Sunday, February 6, 2005; Page A15

Alaska Official Resigns Over Ethics Questions

JUNEAU, Alaska -- State Attorney General Gregg D. Renkes announced his resignation Saturday after months of criticism over alleged ethics breaches as he shaped an international trade deal.

Renkes said in a statement that he wants to shield his family "from the vicious politics of personal destruction. . . . A family is priceless; a job can be done by others."

Renkes held stock in KFx Inc., a company that has patented a process it claims makes coal cleaner and more efficient. The company stood to benefit from a coal deal between Alaska and Taiwan that Renkes played a major role in shaping.

A report last month by former U.S. attorney Robert Bundy concluded that the stake was not significant enough to be considered an ethics breach. But Bundy said Renkes violated Alaska ethics law by not seeking an outside opinion on his involvement in the negotiation of the Alaska-Taiwan agreement.

Gov. Frank H. Murkowski (R) issued a letter of reprimand last week but said he would not ask for Renkes's resignation.

3 Workers Blamed for Train Crash Are Fired

COLUMBIA, S.C. -- The three workers accused of failing to switch a railroad track before last month's freight-train crash and deadly chlorine leak in Graniteville were fired by Norfolk Southern Corp.

Railroad spokesman Robin Chapman said Friday that the workers, whom he did not name, were terminated because they "failed to perform their duties properly." Union officials said the three men, each with at least 25 years of experience, will appeal.

The Jan. 6 accident killed nine people, injured hundreds more and forced the evacuation of thousands of Graniteville residents.
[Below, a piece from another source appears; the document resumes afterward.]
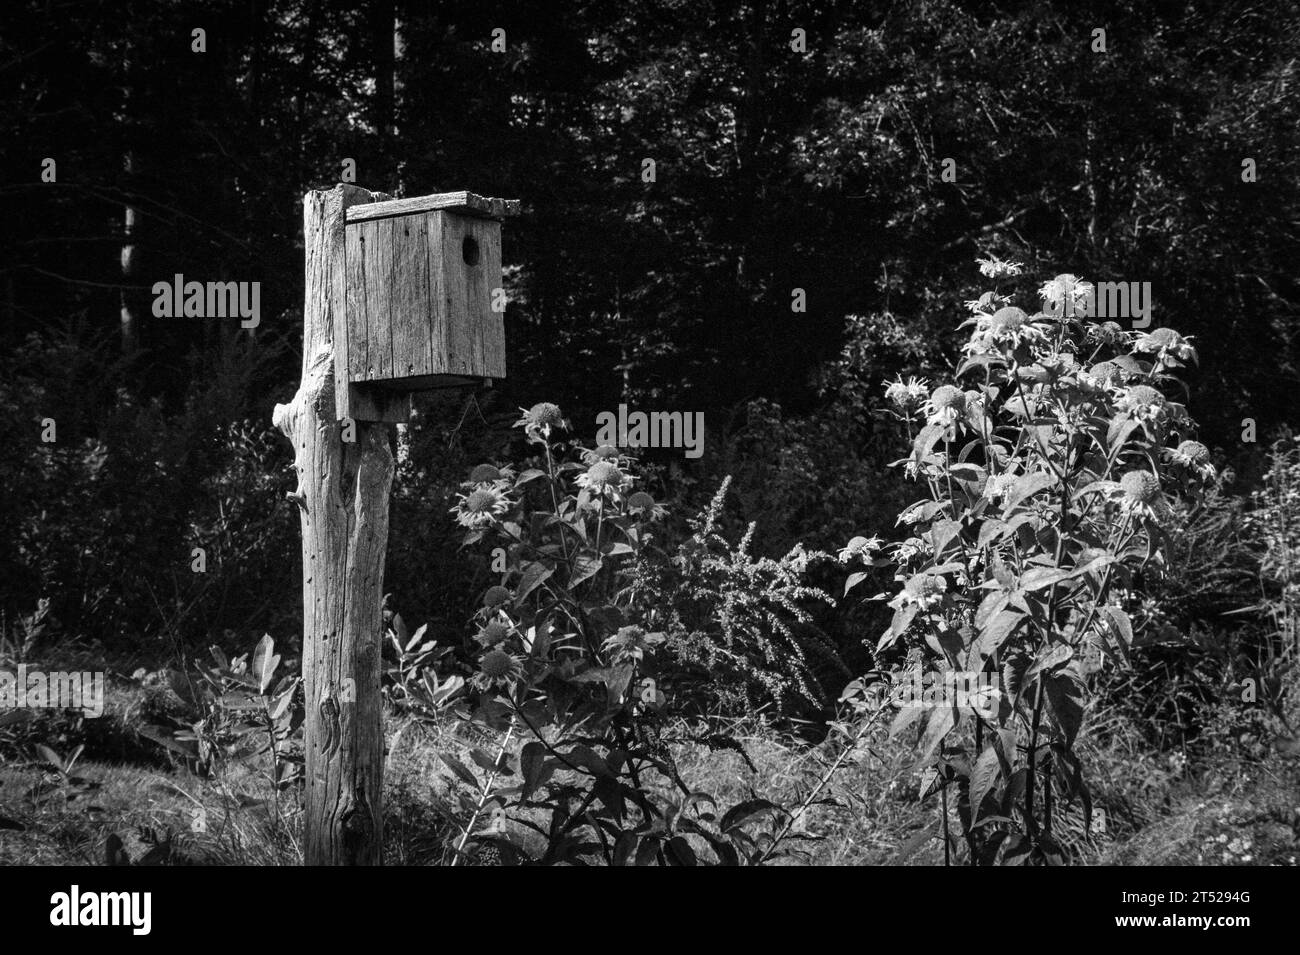 Un nichoir en bois perché sur un poteau de bois usé au milieu d'un champ fleuri de fleurs sauvages. L'image a été capturée en noir analogique et blanc Banque D'Images

Investigators have preliminarily determined that, after parking their train on a spur line, the three crew members failed to switch the tracks back to the main line, allowing an oncoming train to ram the parked cars.

FORT HOOD, Tex. -- An Army judge dropped an indecent-act charge against Spec. Sabrina Harman, a former guard at Abu Ghraib prison in Iraq. She faces other charges.

NEW YORK -- The city will appeal a judge's ruling against the state ban on same-sex marriages, Mayor Michael R. Bloomberg said. He supports same-sex marriages but said he does not want a repeat of what happened in San Francisco, where the unions were invalidated by the courts. He noted that he wants the issue to be settled in the state's highest court or in the legislature.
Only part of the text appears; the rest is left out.